Тем временем часть континента, попавшая под советский контроль, не просто была искусственно вырвана из европейского процесса, но и отдалилась во времени от восприятия демократических процессов и рыночных свобод. Промышленное производство в СССР в 1950–1970‑е гг. возросло в семь раз, однако по социальным показателям государство еще больше отдалилось от западной части Европы. Советский Союз свое воистину героическое восстановление осуществил с главной целью — превзойти Запад в военной сфере, чтобы обеспечить не только собственную безопасность, но и достаточный контроль в странах Восточной Европы и поддержку прокоммунистических движений в других регионах планеты. Такой курс, как это ни парадоксально звучит, стал продолжением российской имперской традиции в других идеологических условиях.

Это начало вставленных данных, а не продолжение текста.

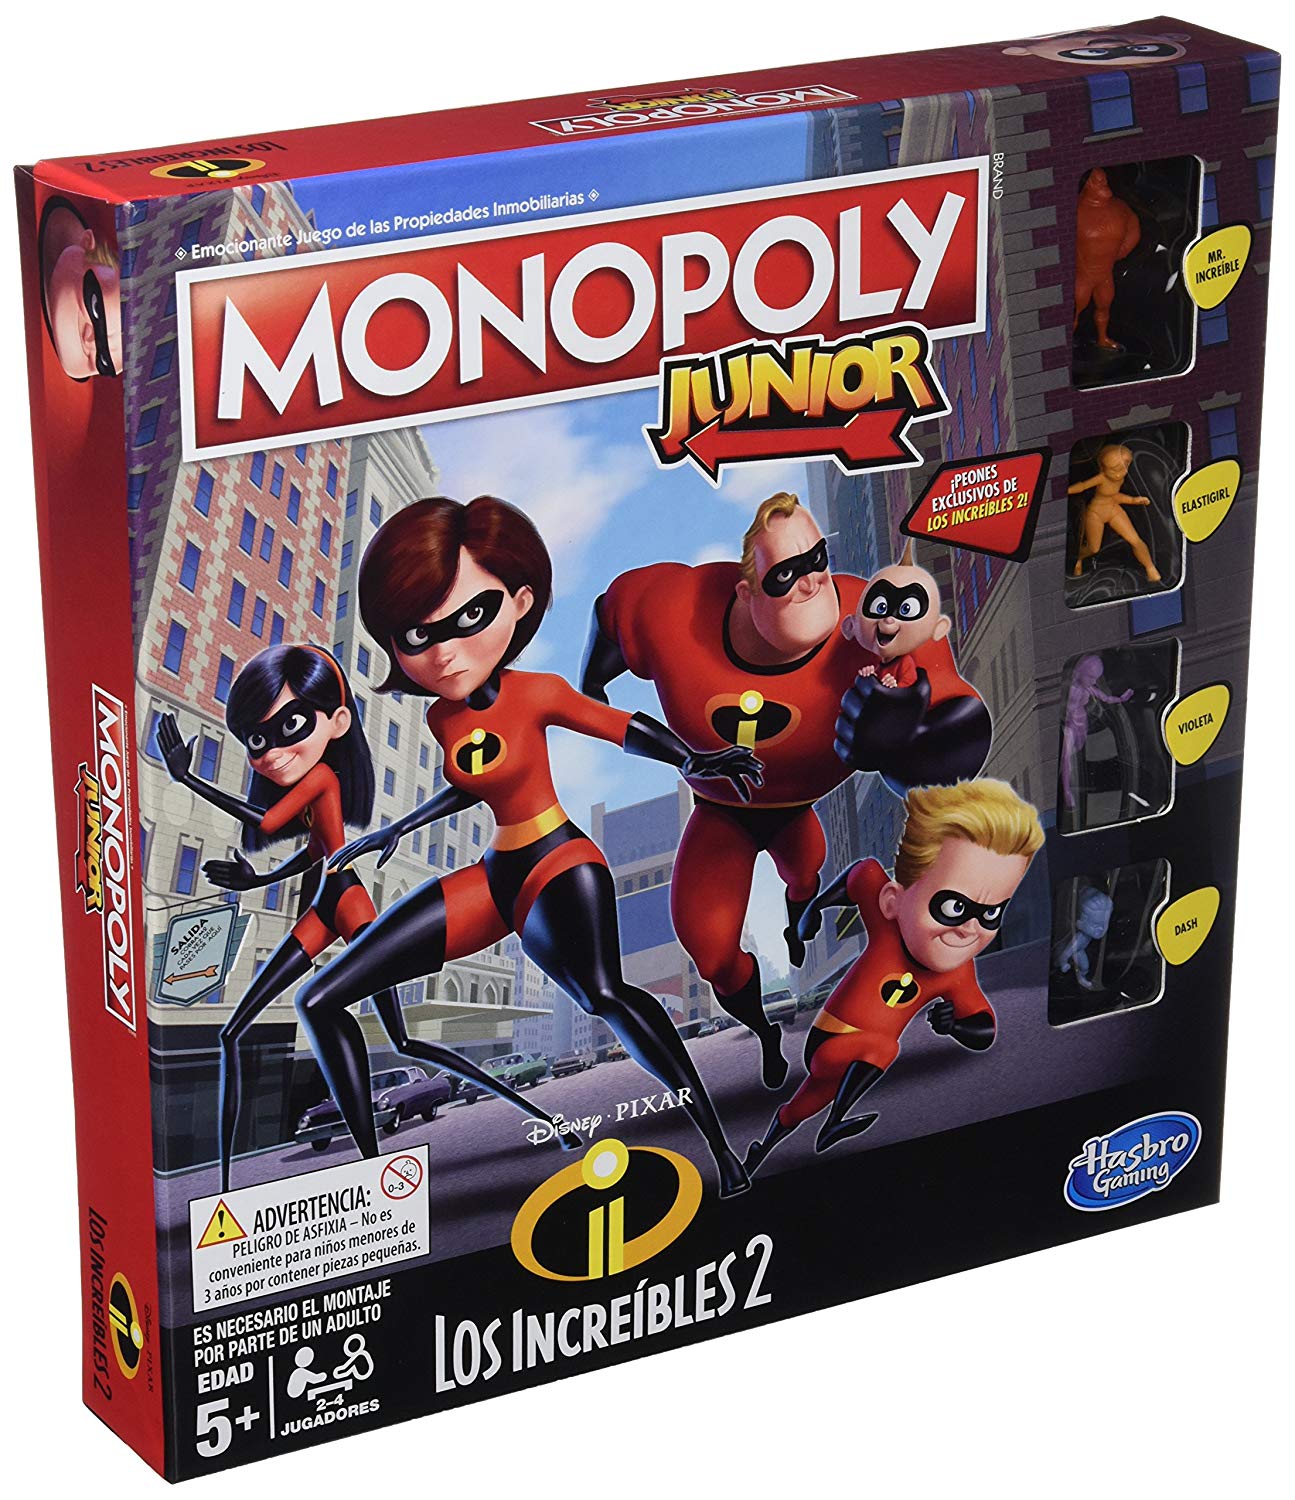 Monopoly Junior Increibles solo 13,2€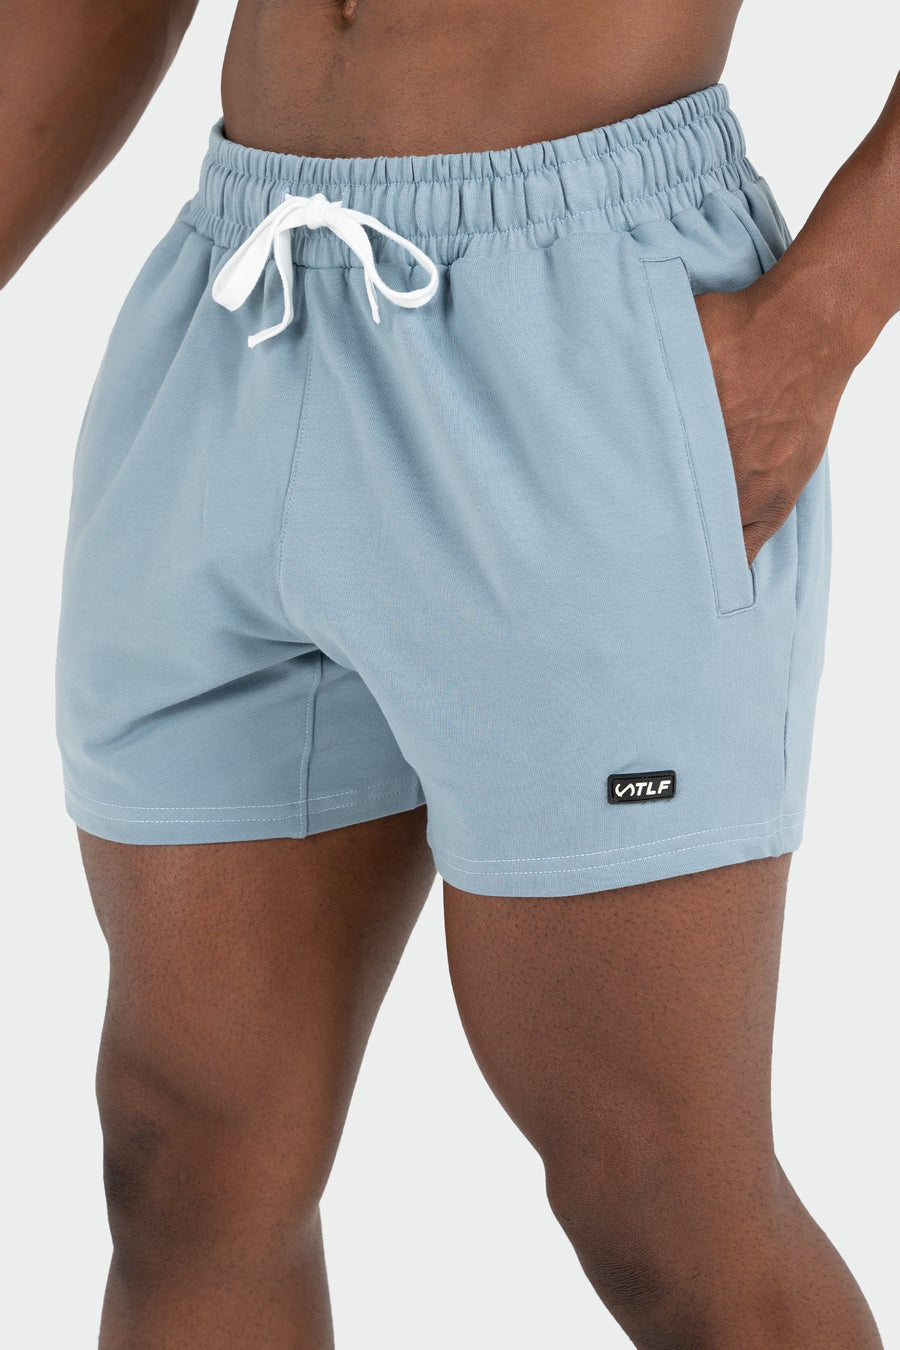 TLF Varsity 5” Shorts - 5 In Inseam Shorts Men – Light Blue - 2

«Политическая Европа» извлекла уроки из двух мировых войн XX в., Советский Союз пытался действовать в изживших себя рамках милитаризма, осуществлявшегося за счет обнищания значительной части населения. Вершиной милитаристского подхода к решению глобальных и региональных проблем стала бессмысленная война в Афганистане, предопределившая понимание необходимости реформ даже партийной верхушкой.
И все же, несмотря на очевидное политическое сближение и создание единой формы зашиты национальной безопасности в рамках НАТО, сохранялись серьезные культурные различия между европейцами и американцами. Это проявлялось не только на высоком уровне цивилизационного понимания, но и в производстве и быту. Огромные по размерам американские автомобили и европейские «жучки», современнейшие американские автобаны и традиционные европейские трассы, маленькие американские фермы и привычные европейские села, потребительский бум в Америке и соответственная сдержанность европейцев — далеко не полный перечень этих различий.
Не менее значительные расхождения ощущались в литературе, искусстве, подходах к жизненным ценностям. Все это существовало и развивалось в рамках национальных границ, касаясь, впрочем, не только различий между Северной Америкой и Западной Европой. Так, во Франции доминировала философия экзистенциализма, в Великобритании — позитивизма, в Италии верх брал классицизм и т. д.
Однако существовал объединяющий два полюса цивилизационно близких государств политический элемент в форме единого оппонента — Советского Союза и контролируемой им социалистической системы. Важным оставался в связи с этим и компонент традиционной безопасности, понимаемой в привычном военном контексте. Именно эти две составляющие сыграли определяющую роль в устойчивом сближении евро–атлантических союзников. На этом фоне даже пресловутая торгово–экономическая конкуренция между США и Западной Европой теряла доминирующее значение барьера.
Потеряв противника, два полюса Евро–Американской цивилизации непременно должны были столкнуться между собой. Снова начинала сказываться многовековая логика развития международной системы, построенная на верховенстве национального интереса.
Объединение Германии и бархатные революции в Восточной Европе дали толчок новому витку европейского интеграционного процесса. По–новому воспринималось расширение Европейского Союза и НАТО. Появилась острая необходимость в реагировании на т. наз. европейский выбор постсоветских государств, что вынуждало искать объяснения причин приоритетности стран Центрально–Восточной Европы для высшего руководства европейских интеграционных формирований в сравнении с той же Украиной. Одним словом, «политическая Европа» требовала нового определения самого понятия, новых подходов и оценок, нетрадиционных решений. Это, в конечном итоге, и стало ключевым аспектом жизнедеятельности европейского ядра Евро–Американской цивилизации. Тем временем упоенные победой в «холодной войне» США занялись поиском форм организационного подтверждения своей роли единой глобальной державы современности.